Revolution Wind is one of dozens of offshore wind farms along the East Coast that the federal government is already in the process of reviewing and permitting. Cumulatively, the Biden administration aims to approve enough offshore wind projects to generate 30 gigawatts of power before the end of the decade, a crucial part of their efforts to lead America through a clean energy transition. Two of these offshore wind projects, Vineyard Wind 1 and South Fork Wind, are already under construction a few miles away from the proposed site of Revolution Wind. Construction of a third utility-scale offshore wind project, Ocean Wind 1, is expected to begin this fall off the coast of New Jersey.

If constructed, Revolution Wind would include as many as 100 turbines towering close to 900 feet above the ocean. The electricity generated by the project would travel through cables buried three to six feet beneath the ocean floor, connecting to the power grid onshore at a substation at Quonset Point in Rhode Island.
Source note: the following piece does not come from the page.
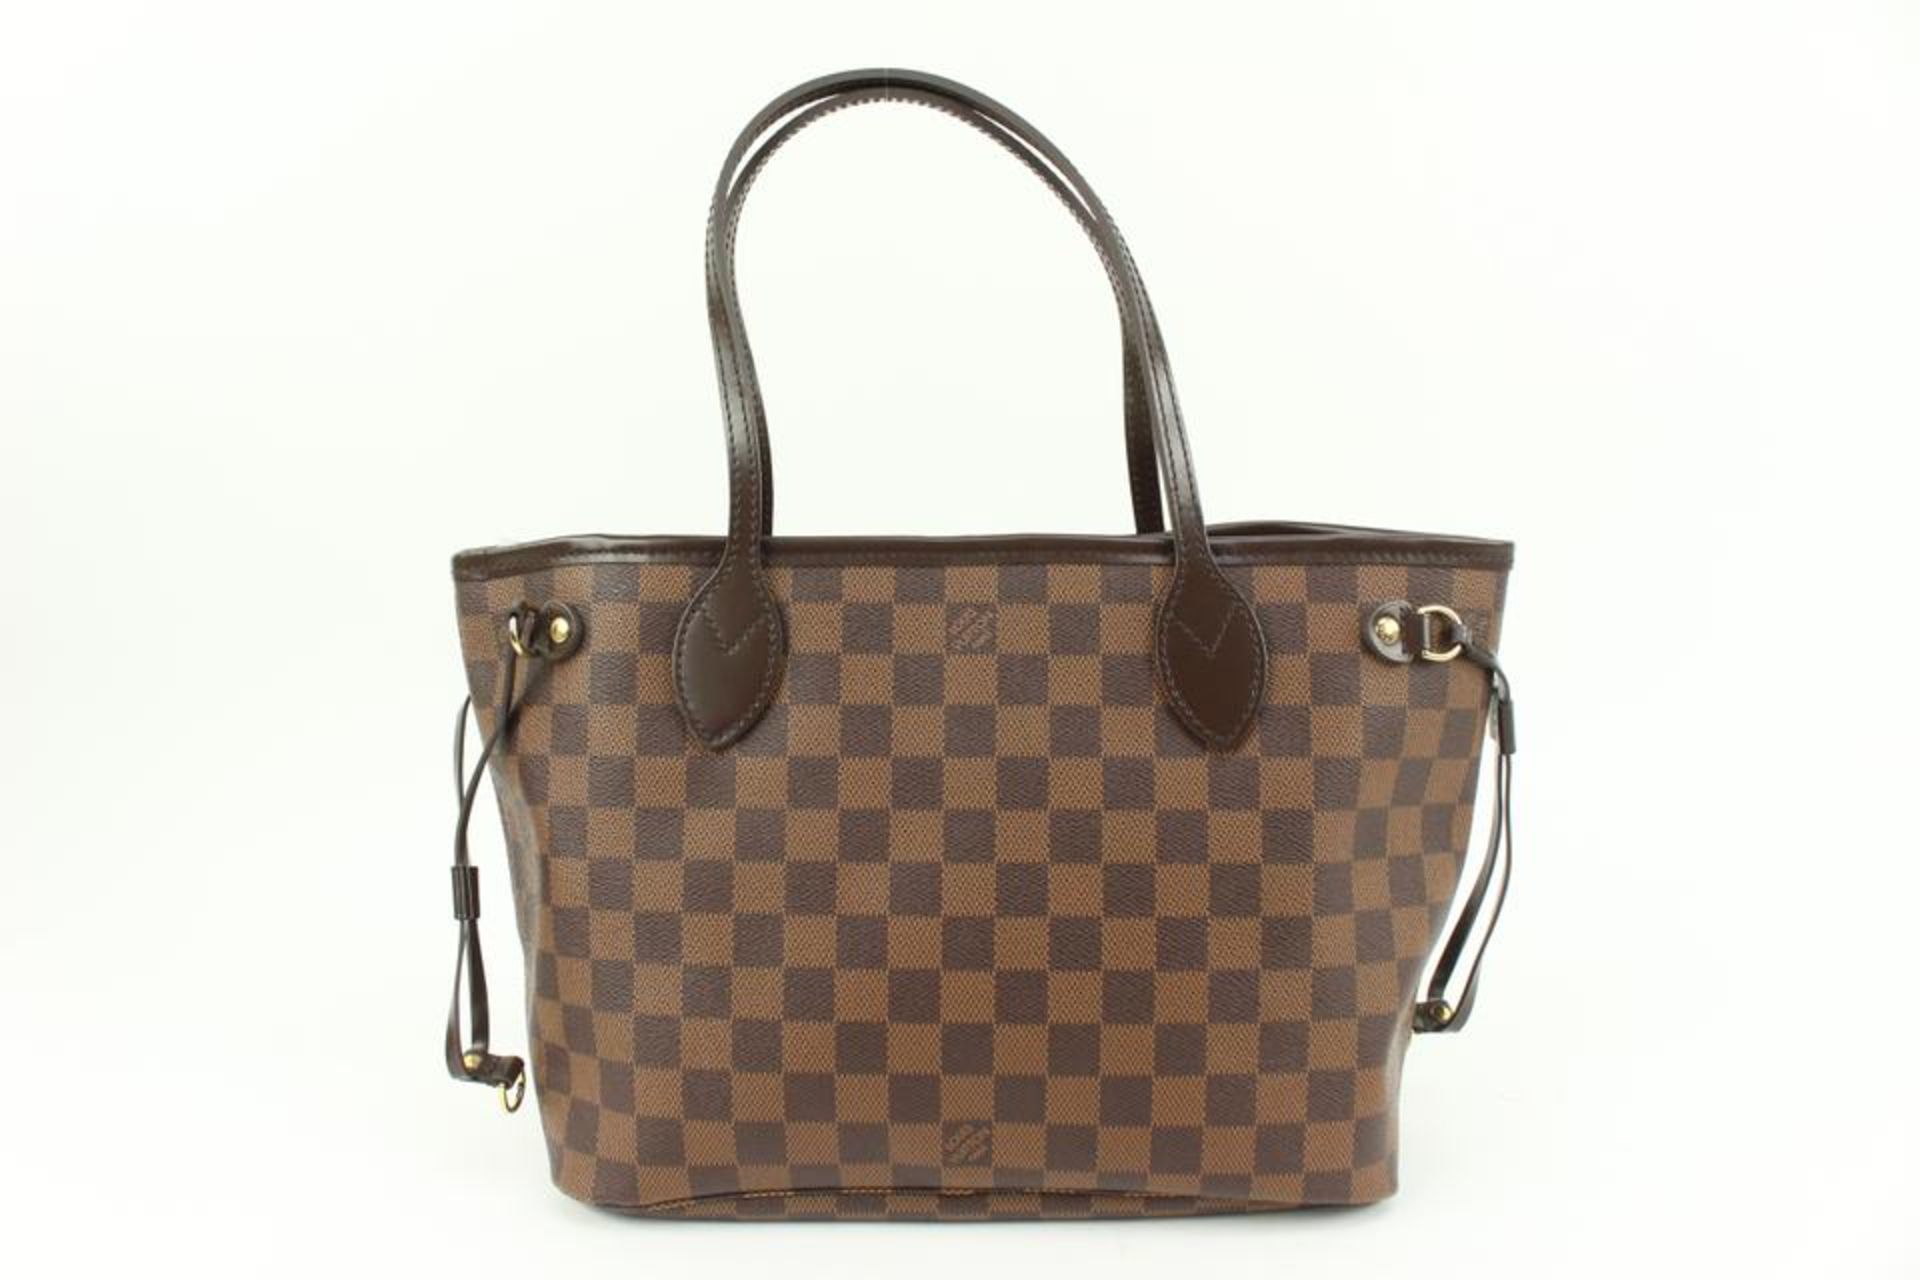 LOUIS VUITTON SMALL DAMIER EBENE NEVERFULL PM TOTE - Image 10 of 14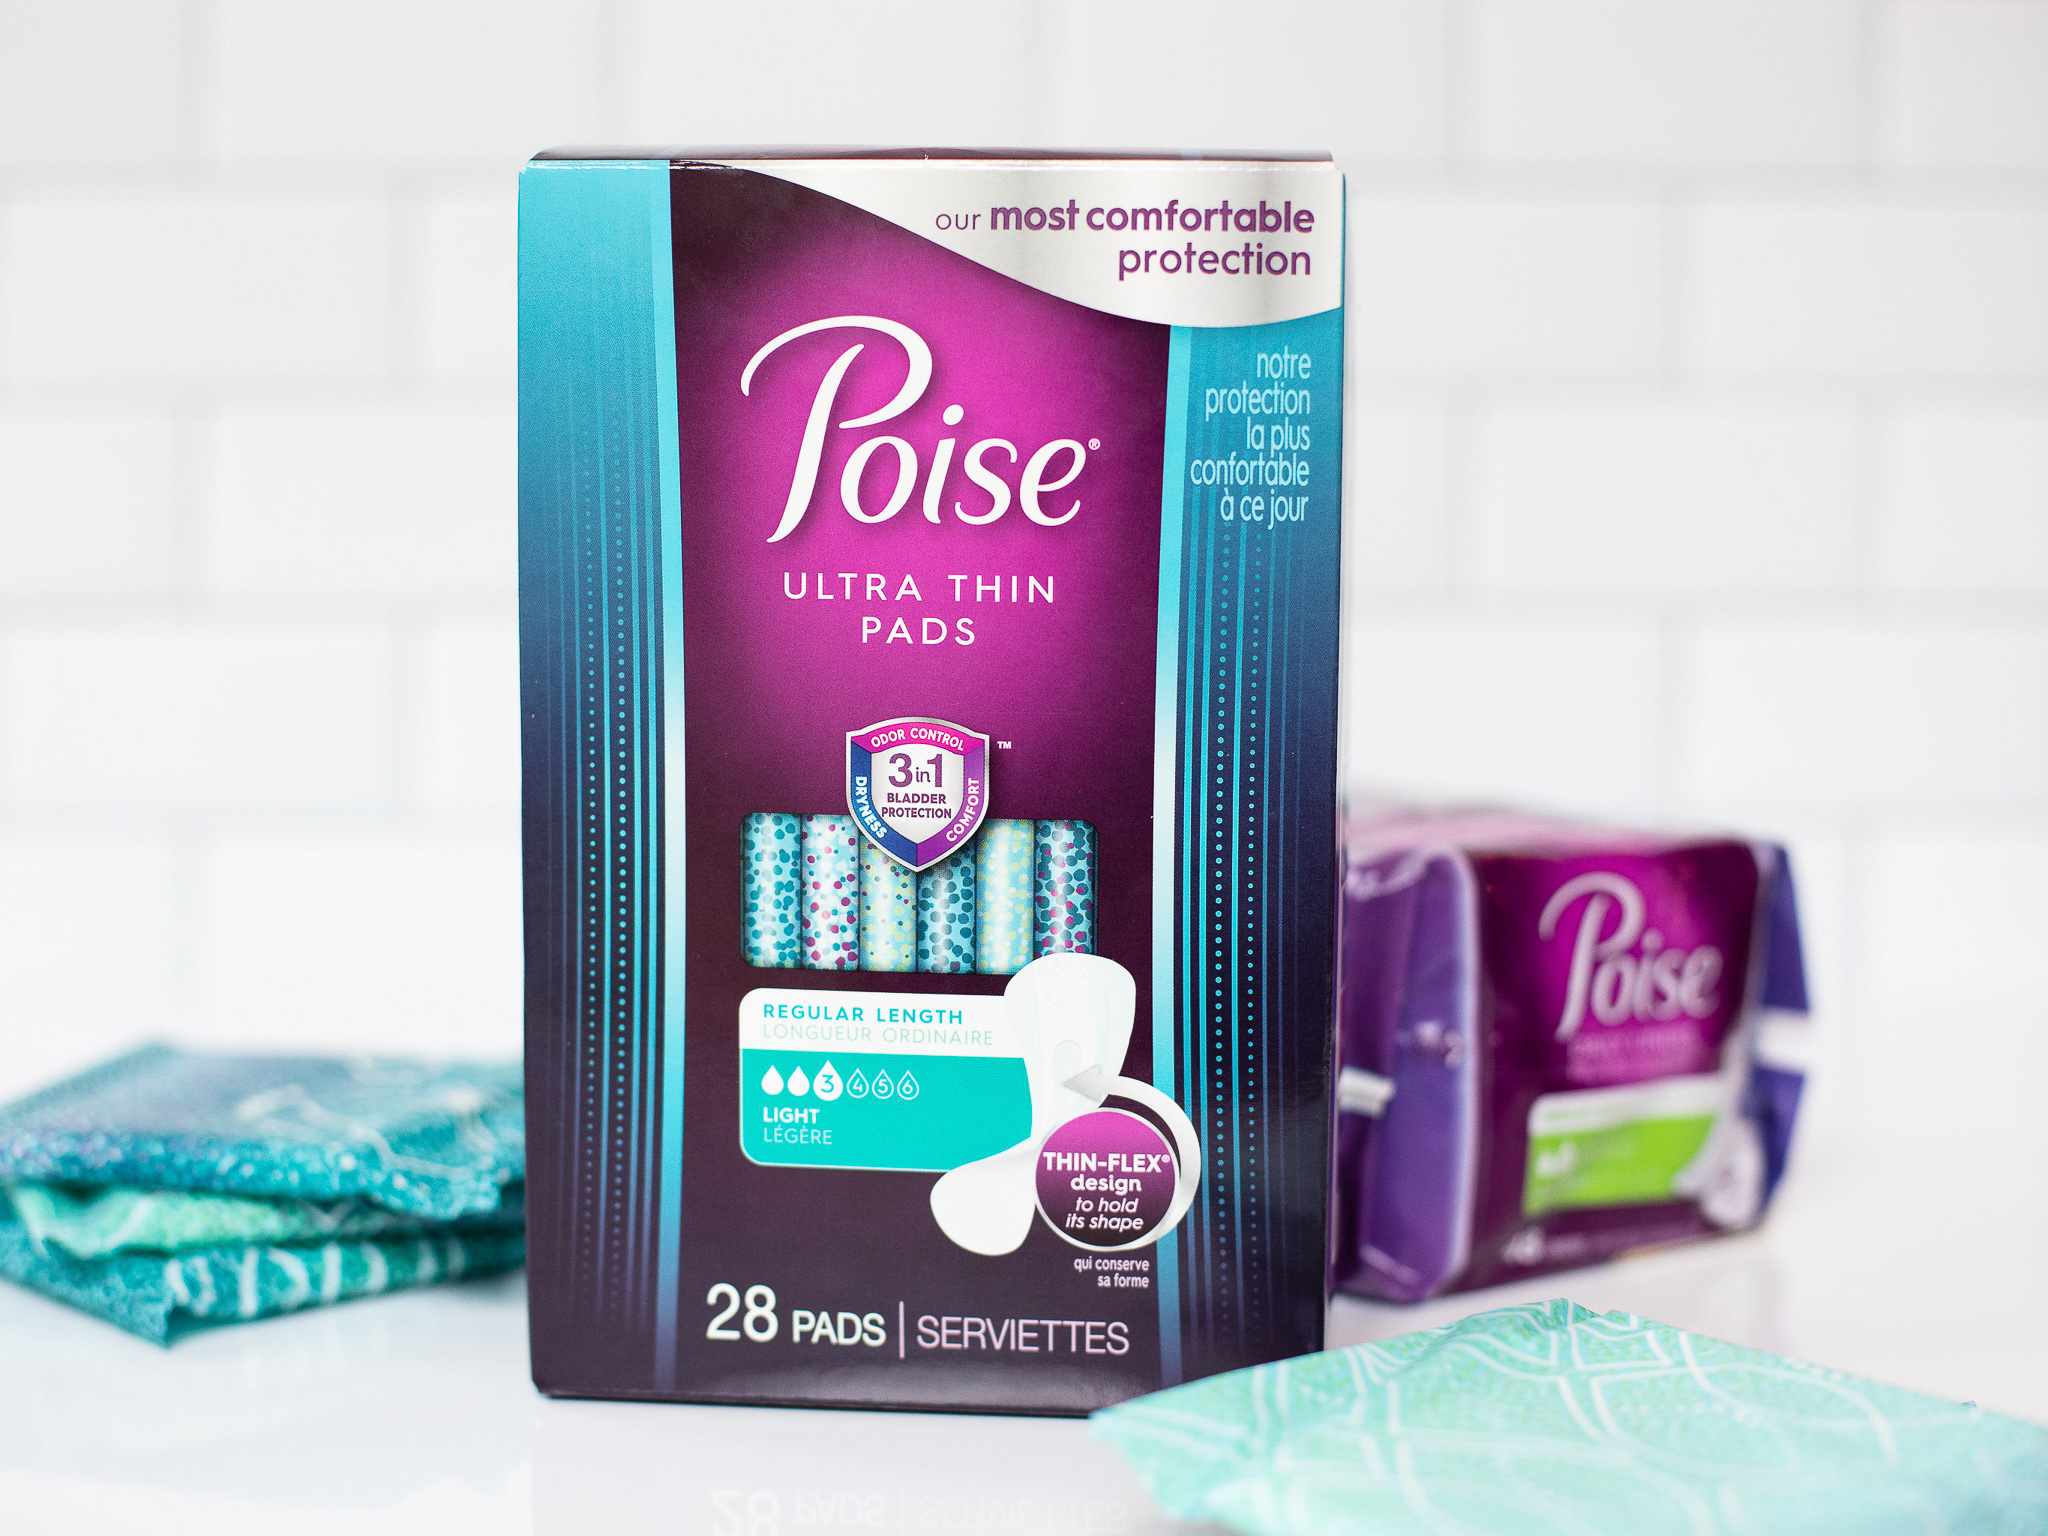 Don't Miss The Big Savings On Poise Ultra Thin Pads This Week At Publix on I Heart Publix

Several more wind farms are close behind Revolution Wind in the regulatory pipeline.

BOEM’s final environmental impact statement for Revolution Wind assesses the “potential biological, socioeconomic, physical, and cultural impacts” that could result from constructing the wind farm, operating it for 35 years, then disassembling it.

The statement itself is a lengthy review of another lengthy document: an 868-page construction and operations plan filed by the project’s developer in 2021, which refers to an additional 51 appendices with further information.

The public was given 45 days to comment on a draft version of the environmental impact statement in the fall of 2022. BOEM said it reviewed a total of 124 comments before issuing the final statement.

BOEM estimates commercial fishermen would suffer relatively modest financial losses even if they stopped fishing entirely in the proposed area for Revolution Wind, though turbines would be arranged a nautical mile apart from each other to encourage some level of fishing.

Lobster boats in New York, Connecticut and southern Massachusetts, for example, typically earn less than 3 percent of their revenue fishing at the main project site, according to BOEM’s analysis of data from the National Marine Fisheries Service. For scallopers in the same region, that share is less than a third of a percentage point.

But cumulatively, the impact of building dozens of offshore wind projects in fishing grounds up and down the East Coast has not been studied to the extent many fishermen are now demanding. Some commercial fishermen have already banded together to sue the federal government over its piecemeal approach to conducting environmental reviews of offshore wind projects, arguing that BOEM has failed to assess the true impact of offshore wind development on the fishing industry.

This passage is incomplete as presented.